◆ YOUR ASSIGNMENT: Your task is to give the listing below back word for word, pictures excluded.

◆ DATA EXCERPT:
════════

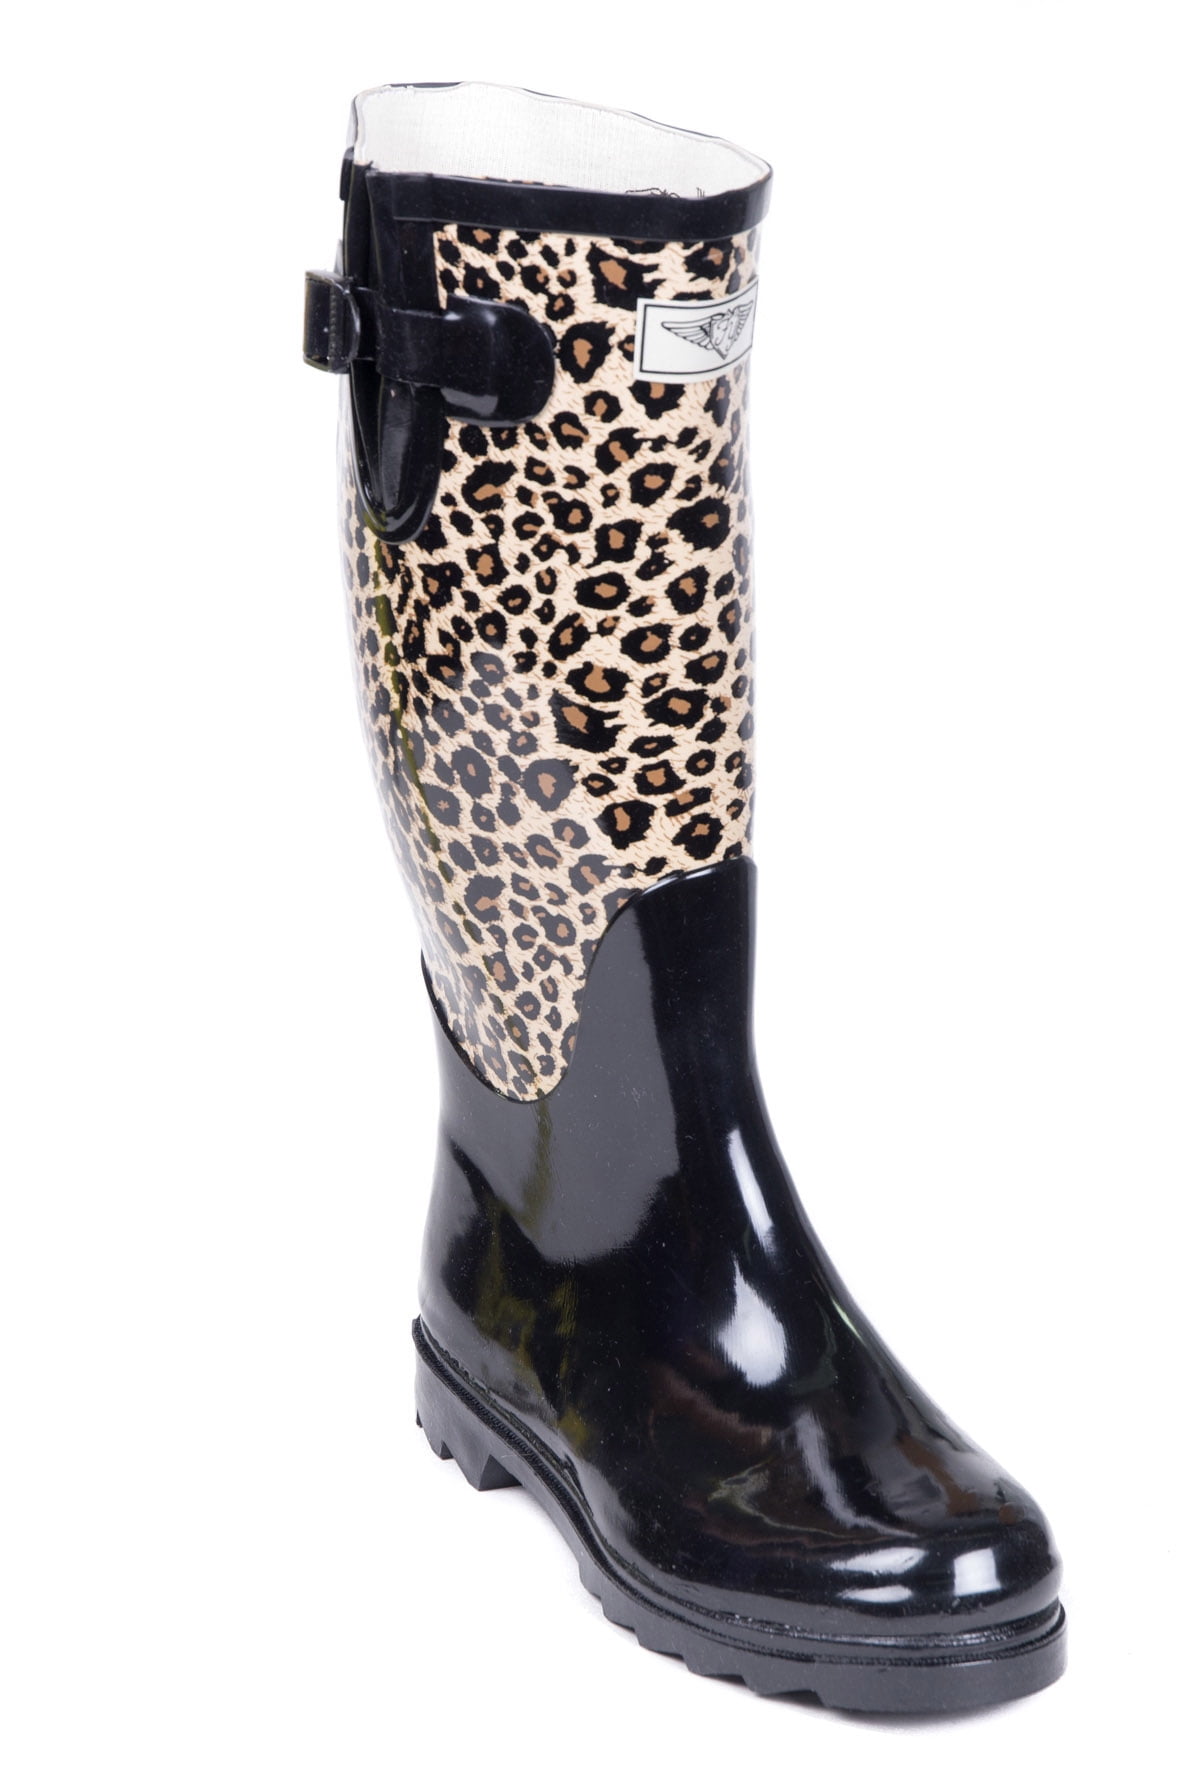 Women Rubber Rain Boots with Cotton Lining, Animal Print - Walmart.com
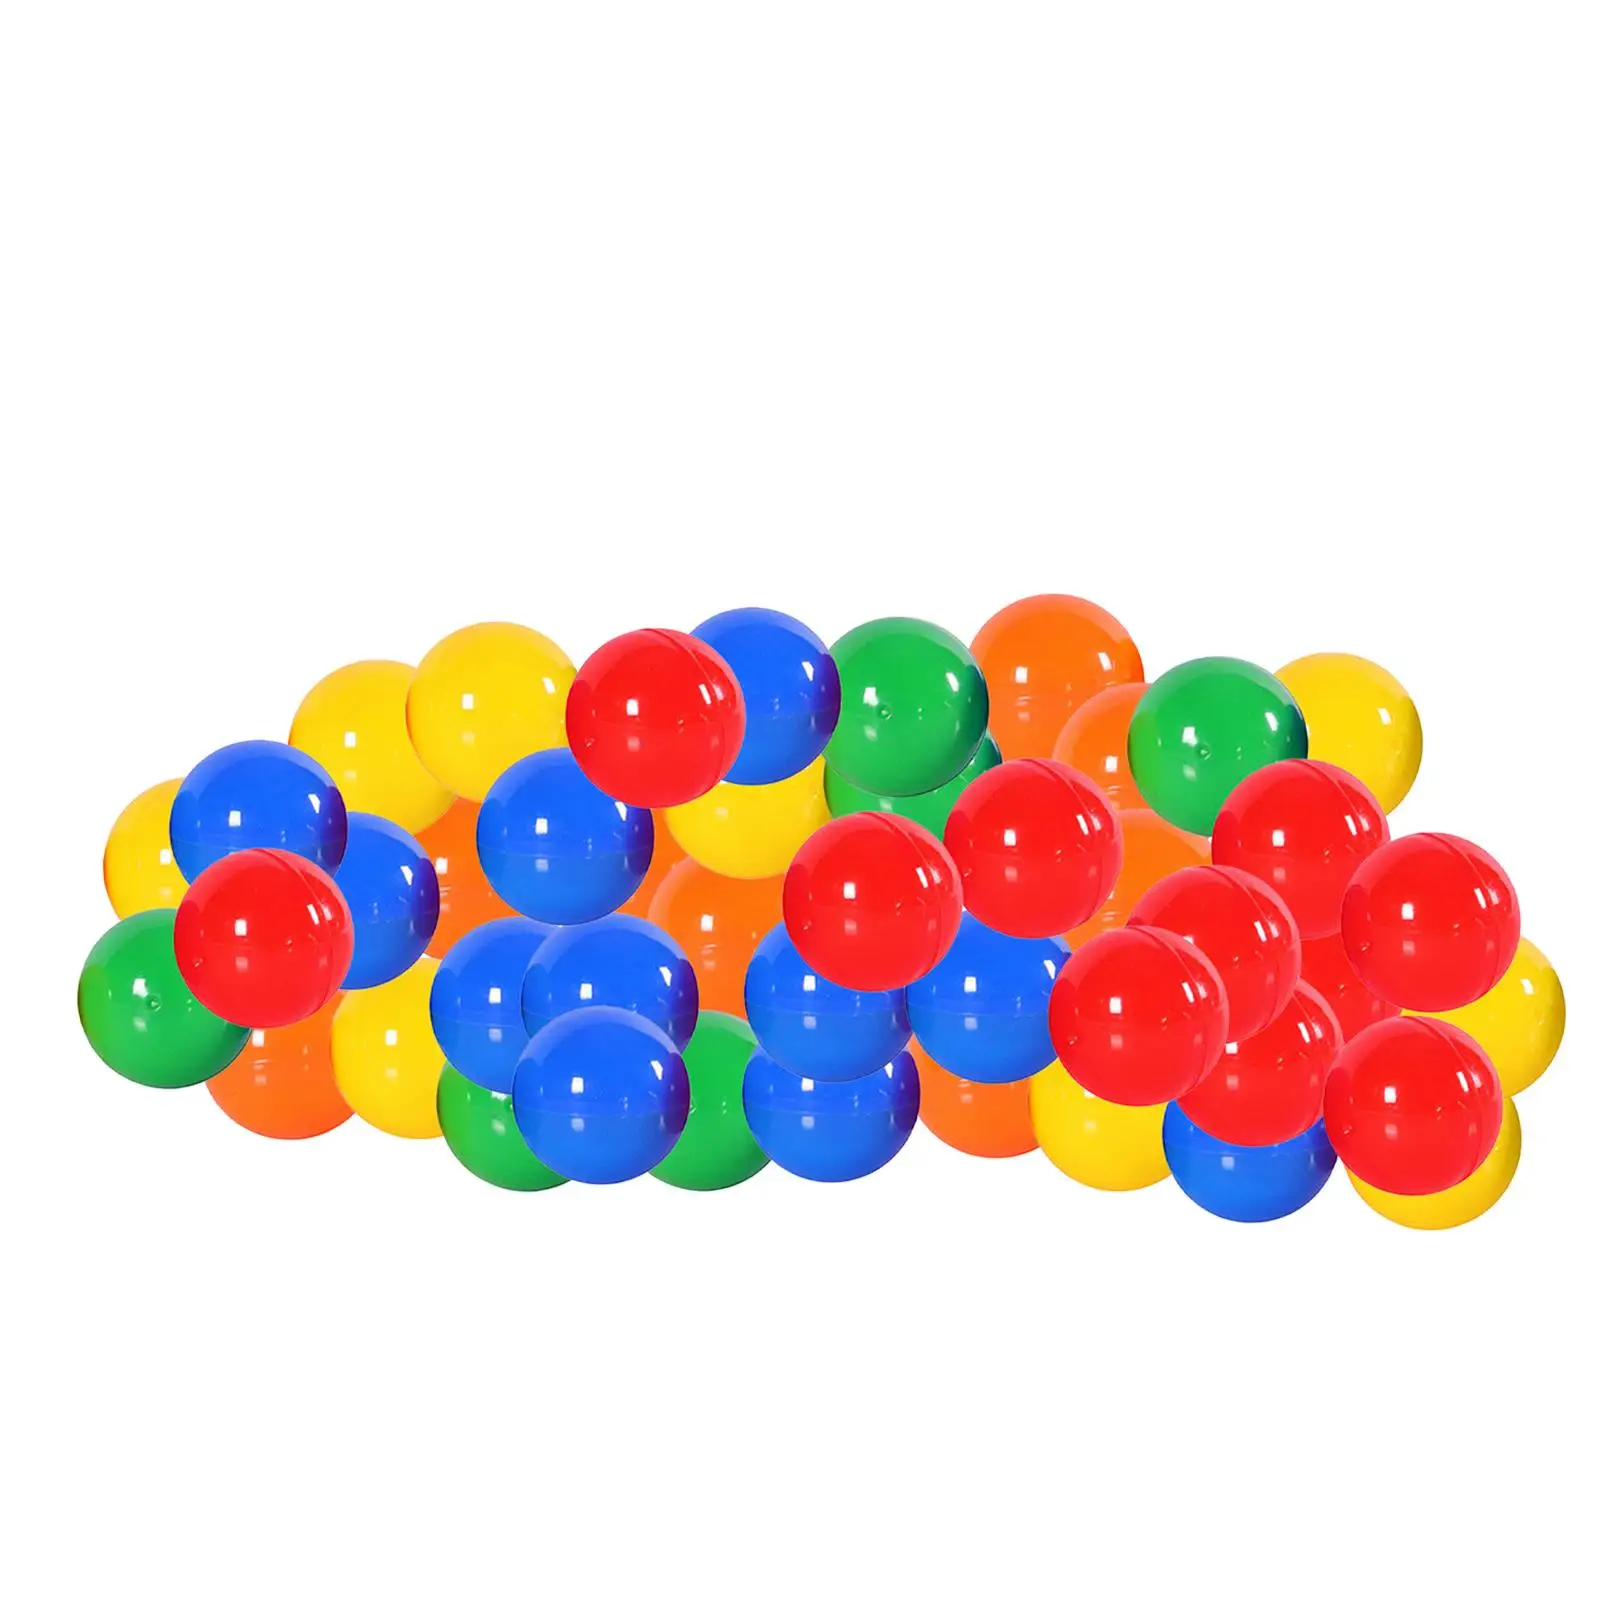 50x Bingo Ball Raffle Balls Portable Replace Accs Tally Ball Lottery Balls for
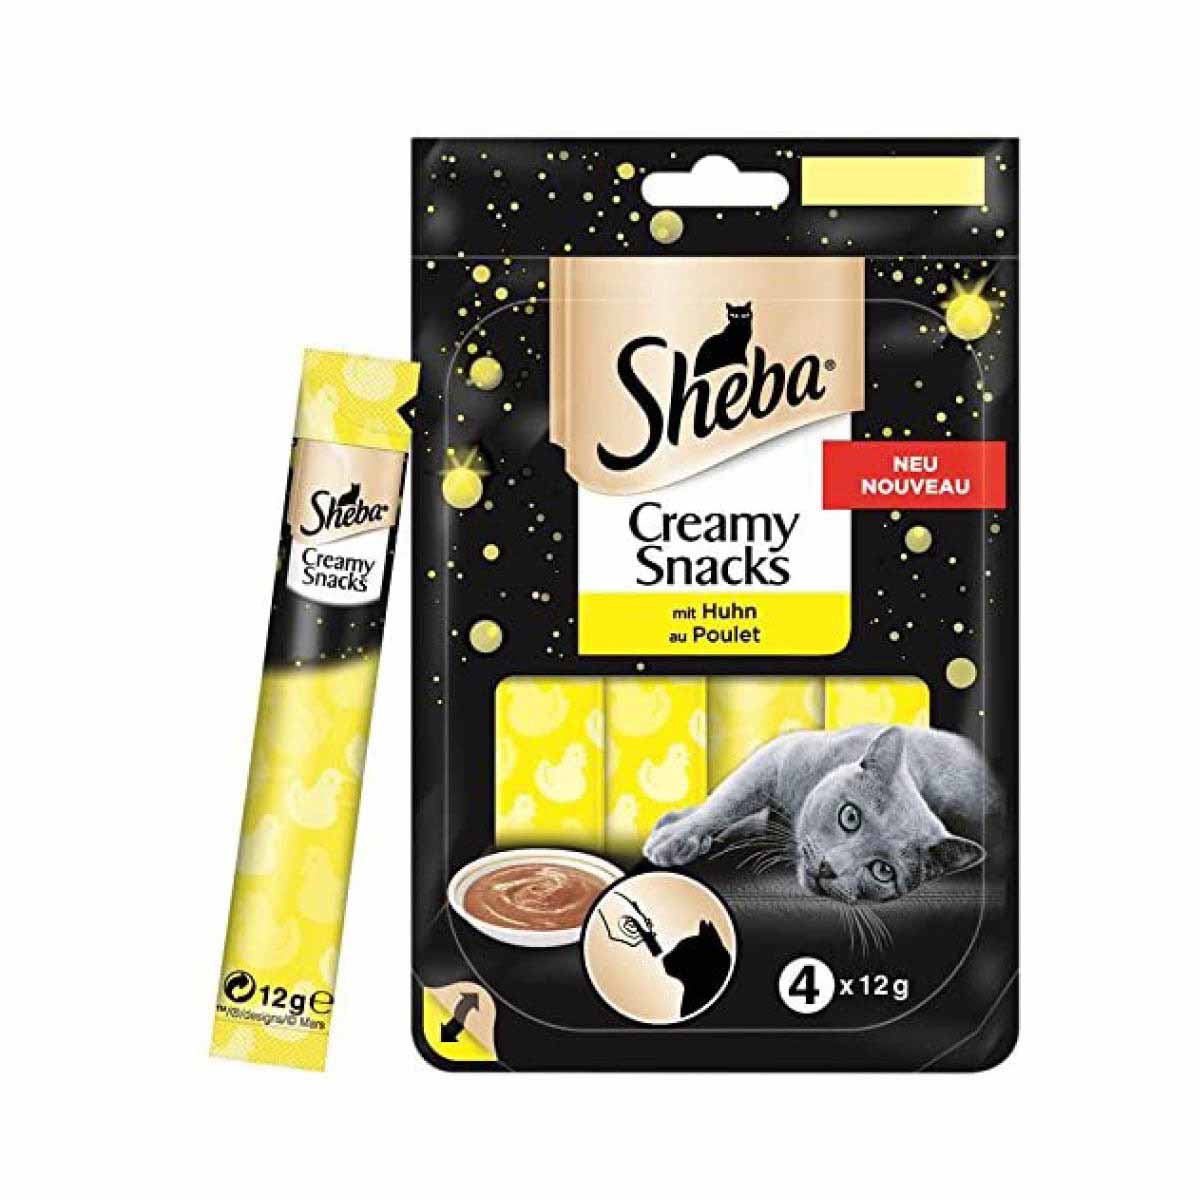 Sheba Creamy Snacks Multipack
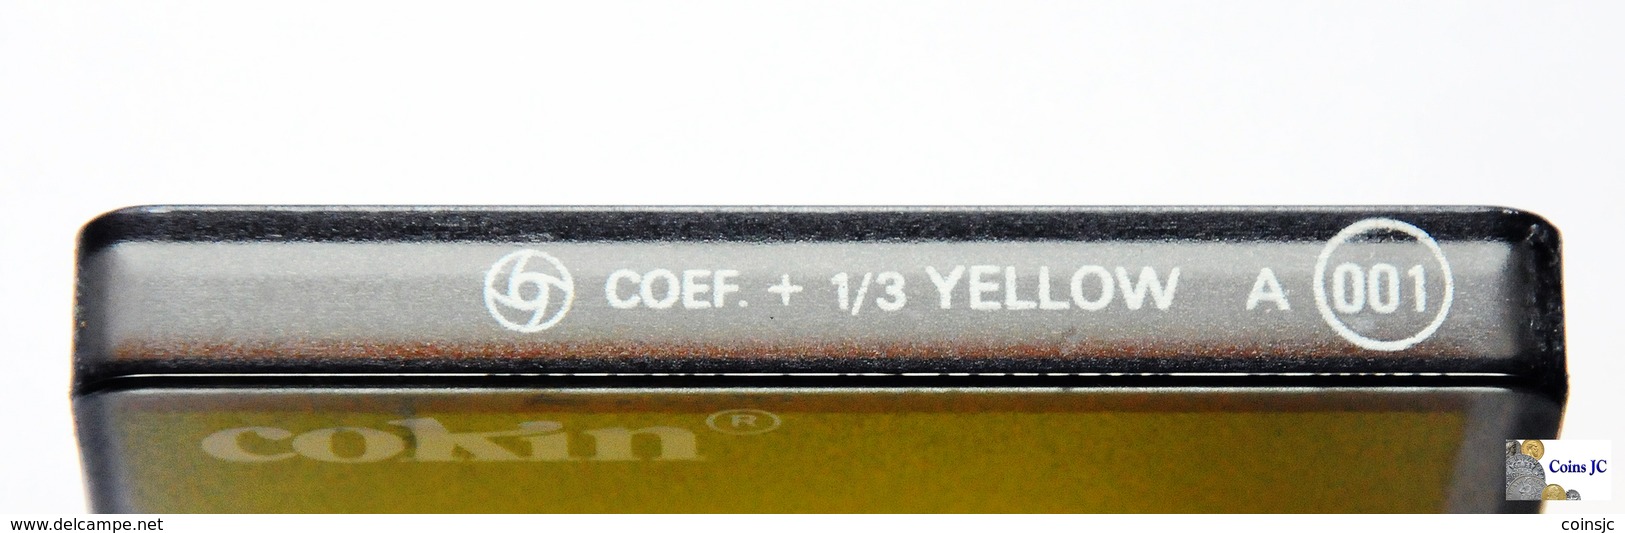 Filter - Yellow A 001 - Cokin - Material Y Accesorios

════════

◆ RESPONSE TO THE TASK:
 Women Rubber Rain Boots with Cotton Lining, Animal Print - Walmart.com
 50x Bingo Ball Raffle Balls Portable Replace Accs Tally Ball Lottery Balls for
 Sheba Creamy Snacks Multipack
 Filter - Yellow A 001 - Cokin - Material Y Accesorios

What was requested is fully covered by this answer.